I’ve been asked my opinion, and Uncensored Lexi is going to give it.

“Not really. It’s just … they cost so much money, and there’s no way you’re ever going to earn it back. Even if you win every single Ultimate Grand Supreme title, there’s no way to come out ahead. Every pageant costs us at least a thousand dollars, money we don’t have. And all I keep hearing is that it helps build self-esteem, but in my opinion, it builds brats. My little sister is the worst. Everything in our house revolves around her. And all Mom does is smile and say she has a ‘big personality’ or is ‘spirited,’ which at the end of the day means she’s a spoiled brat.

“Sorry, once you get me started …” I look around, making sure Mom hasn’t heard my tirade. I feel bad calling Mac a brat, but let’s face it, she can be one. And Mom does nothing to discipline her, especially on Pageant Day.

Tom smiles at me. “Oh no, I agree with what you’re saying. Go on.”

I realize how much better I feel finally letting it all out. I wonder if this guy would be okay with me lying down on a couch. This is totally therapy for me.

“I mean, do you really have to spend over a grand just so someone can come home with a crown to make her feel special?

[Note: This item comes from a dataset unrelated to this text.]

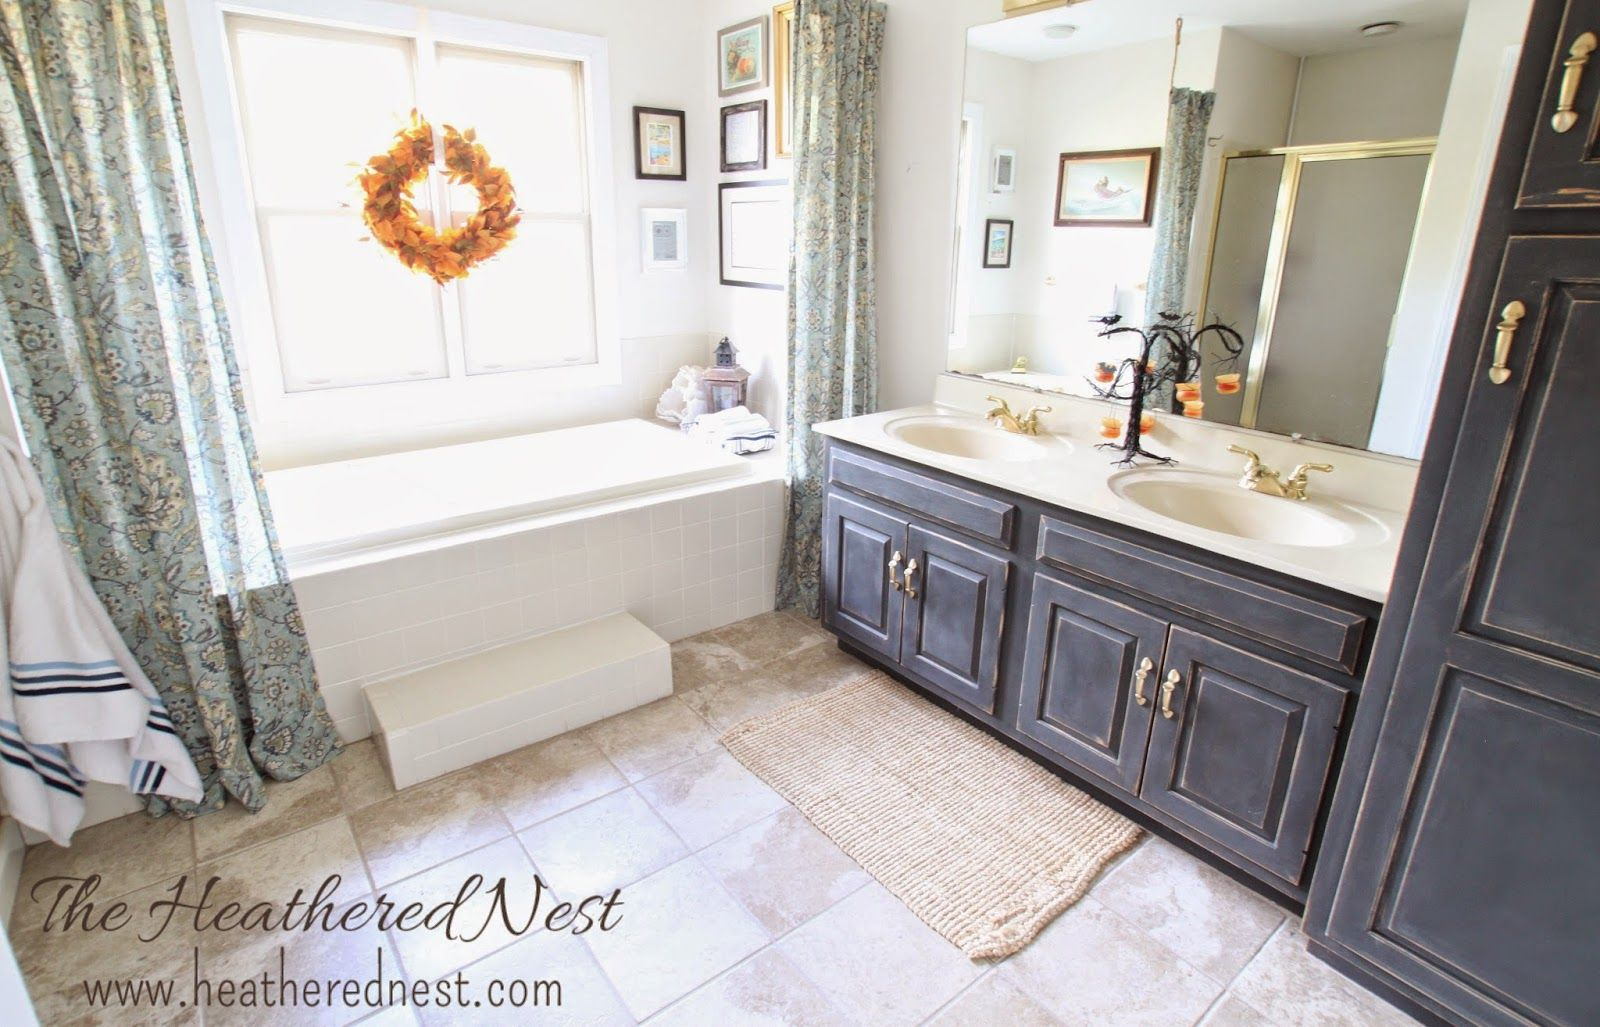 Heathered Nest Master Bath Makeover - for $0

Like, what does it say about society that the only way you can feel good about yourself is if you put on a ton of —”

I stop myself even though Tom’s nodding in agreement with me. I’m such a hypocrite, complaining about how shallow it is to praise someone for their looks, even though I spent over an hour this morning primping to be behind-the-scenes. I’m pretending that I don’t get excited every day to be complimented on my new look, that putting on the pretty hasn’t made
me
more confident.

Maybe Mac and I aren’t that different after all.

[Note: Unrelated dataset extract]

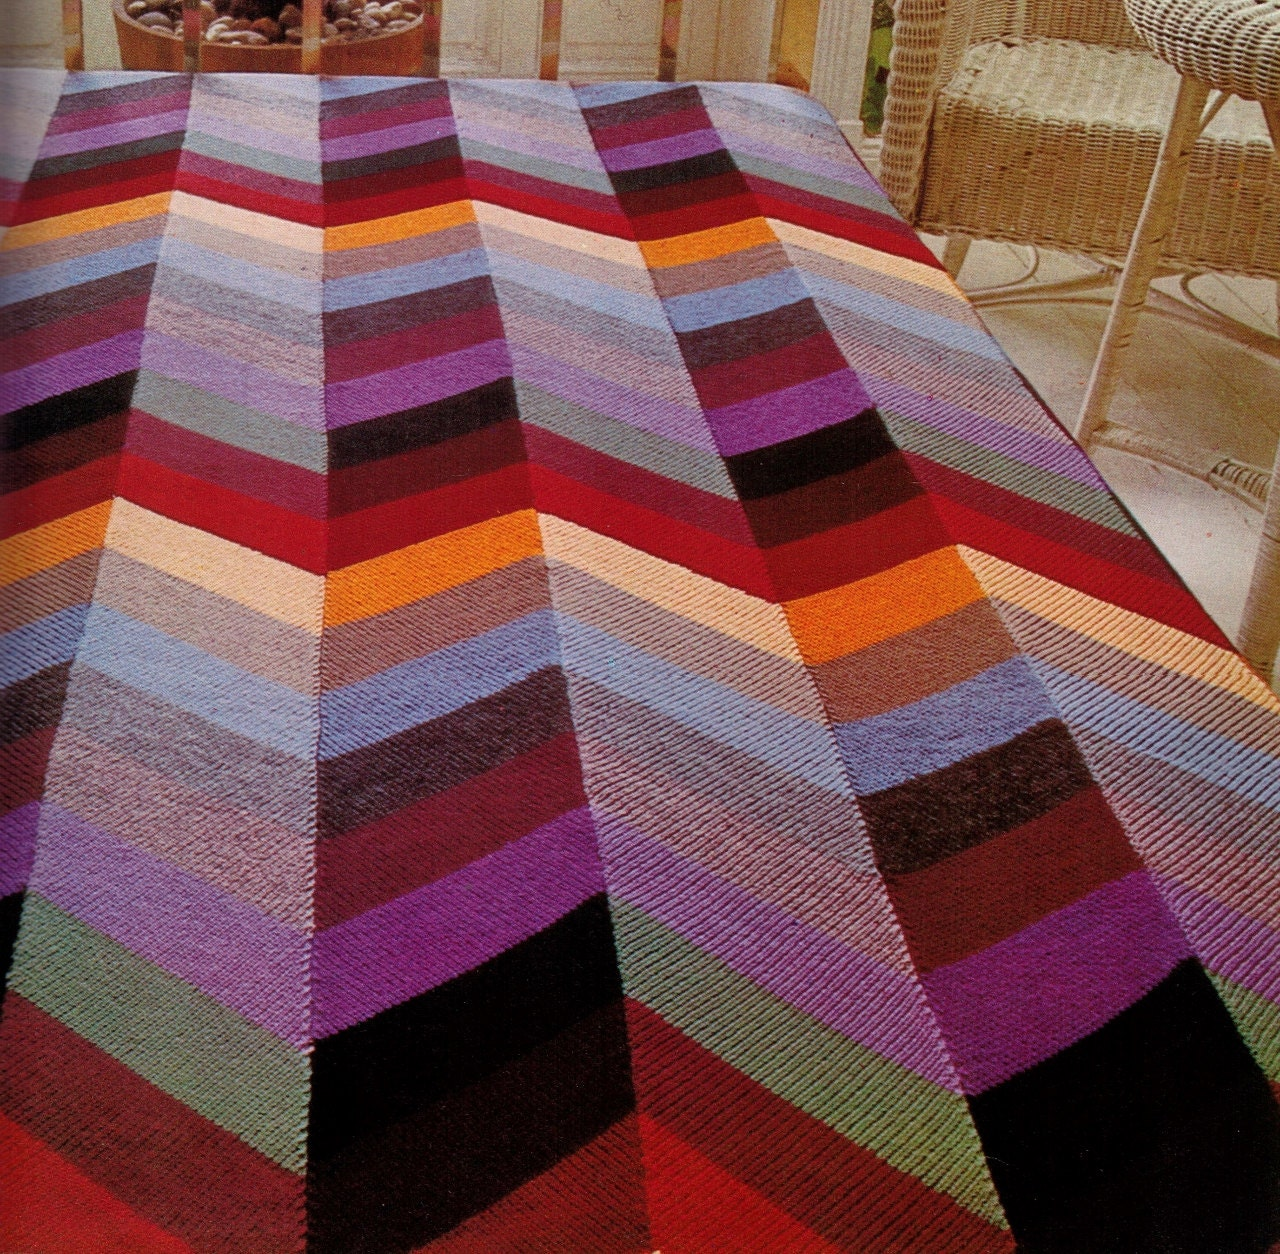 Knitting Zig Zag Blanket Pattern : Vintage s d zig zag pattern bedspread blanket knitted

“Sorry.” A feeling of guilt starts to spread over me. I shouldn’t talk so openly about my disgust for pageants in the middle of a pageant. These moms can be fierce.

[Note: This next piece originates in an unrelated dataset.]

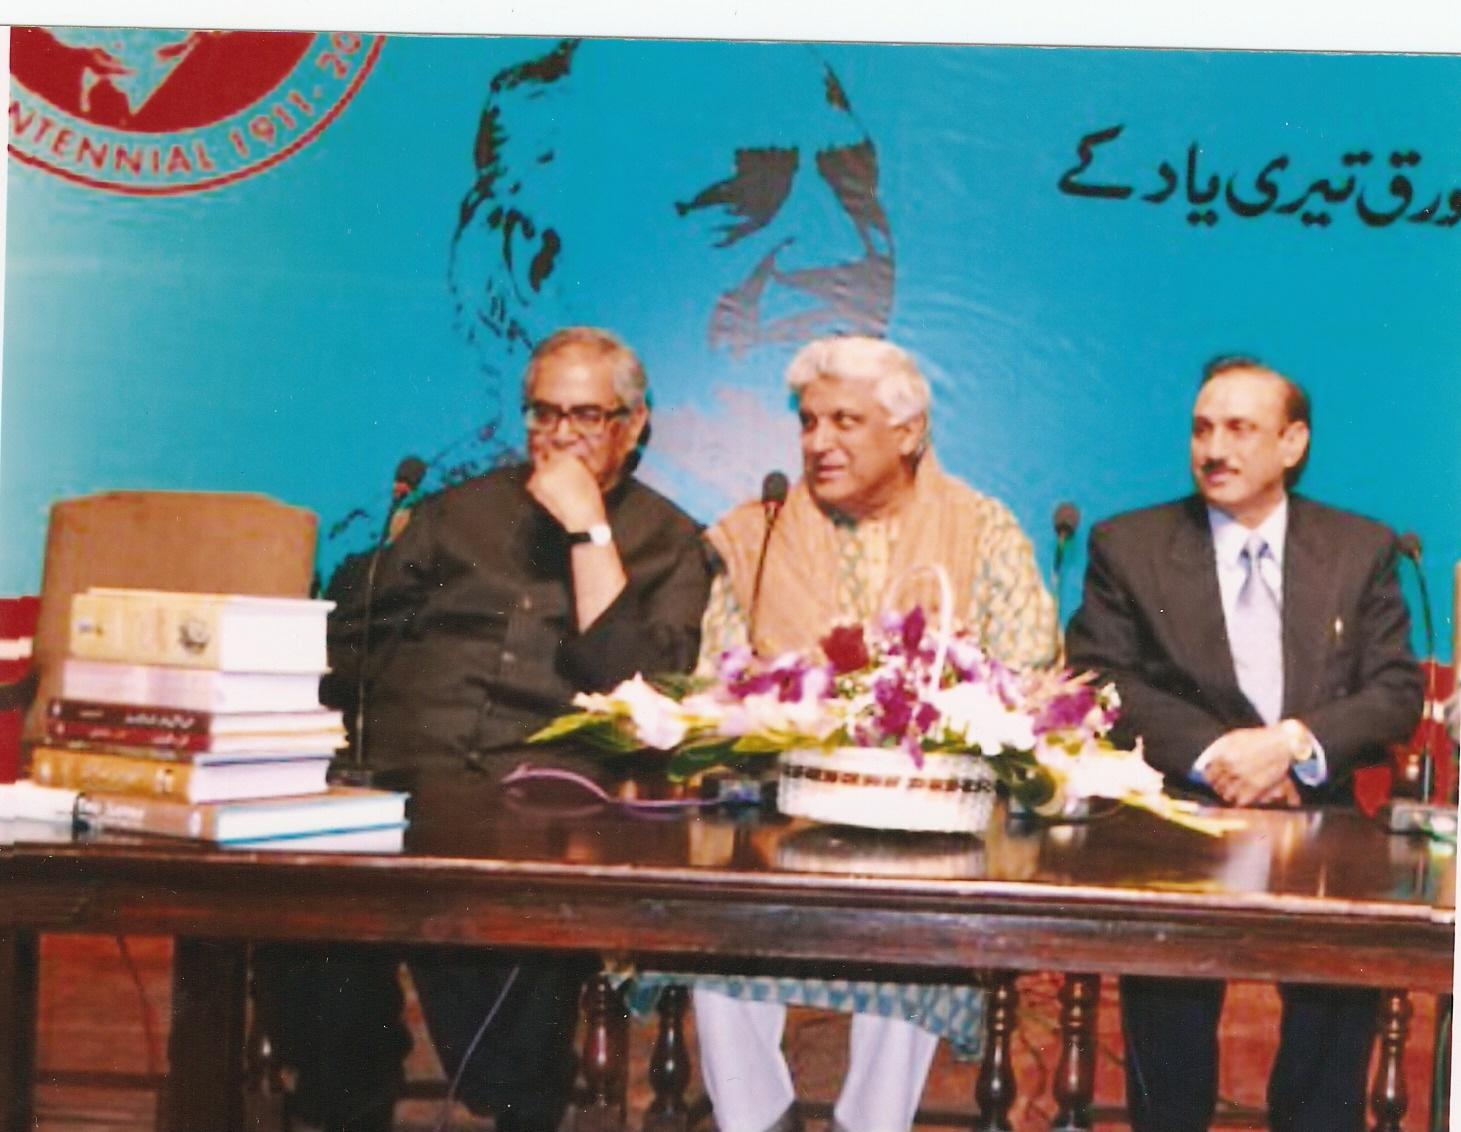 Ashfaq 2011 Javed Akhtar

Tom laughs. “Oh no, please continue….”

I’m starting to wonder what this guy’s deal is. Why is he getting so much joy out of my ragging on pageants? Worse still, what if he’s
friends
with my mom?

I turn the attention on him. “What age division is your daughter?”

He shakes his head. “Oh, I’m not here with a contestant. I’m one of the producers of the show.”

Holy butt glue.

Just then Mom and Mackenzie exit the interview room. Mac looks ecstatic, while Mom seems defeated.

Tom sees them coming as well.

“Well, I guess I should let you go. Great talking with you, Lexi. Really, great.” He hands me his business card. Thomas Woodhouse, Associate Producer,
Texas Beauty Tykes
.

Yeah, great.

Mom will end my life if she finds out that I ruined Mackenzie’s chances at reality TV infamy.

I used to spend the majority of pageants watching with my eyeballs rolled up into my skull, but today I decide on a different approach. I knew there were some correlations between pageants and being in high school, but once I pay attention, it’s a little shocking.

Generally speaking, tight, sparkly outfits get the most positive response from the crowd/The Chosen Ones. Confident poses elicit the most head nodding from the judges/jocks. Lighter-haired girls are the biggest winners (a.k.a. Alyssa, but we already knew that).

I start writing all this down to tell Benny later.

“Are you taking
notes
?” Logan gestures toward the notebook in my hand.

“Oh, yeah.” Although I don’t think Logan would appreciate my theories. “Just a little … experiment.”

He studies my face for a moment. I do my best to not look away.

“It seems like you’ve been doing a lot of, ah, experiments lately.”

I can’t help but smile. “For example?”

It doesn’t take a rocket scientist to figure out that something’s going on with me; I’m curious to see what Logan’s theory is. I’ve heard the current rumor around school is that I want to try out for cheerleading next year.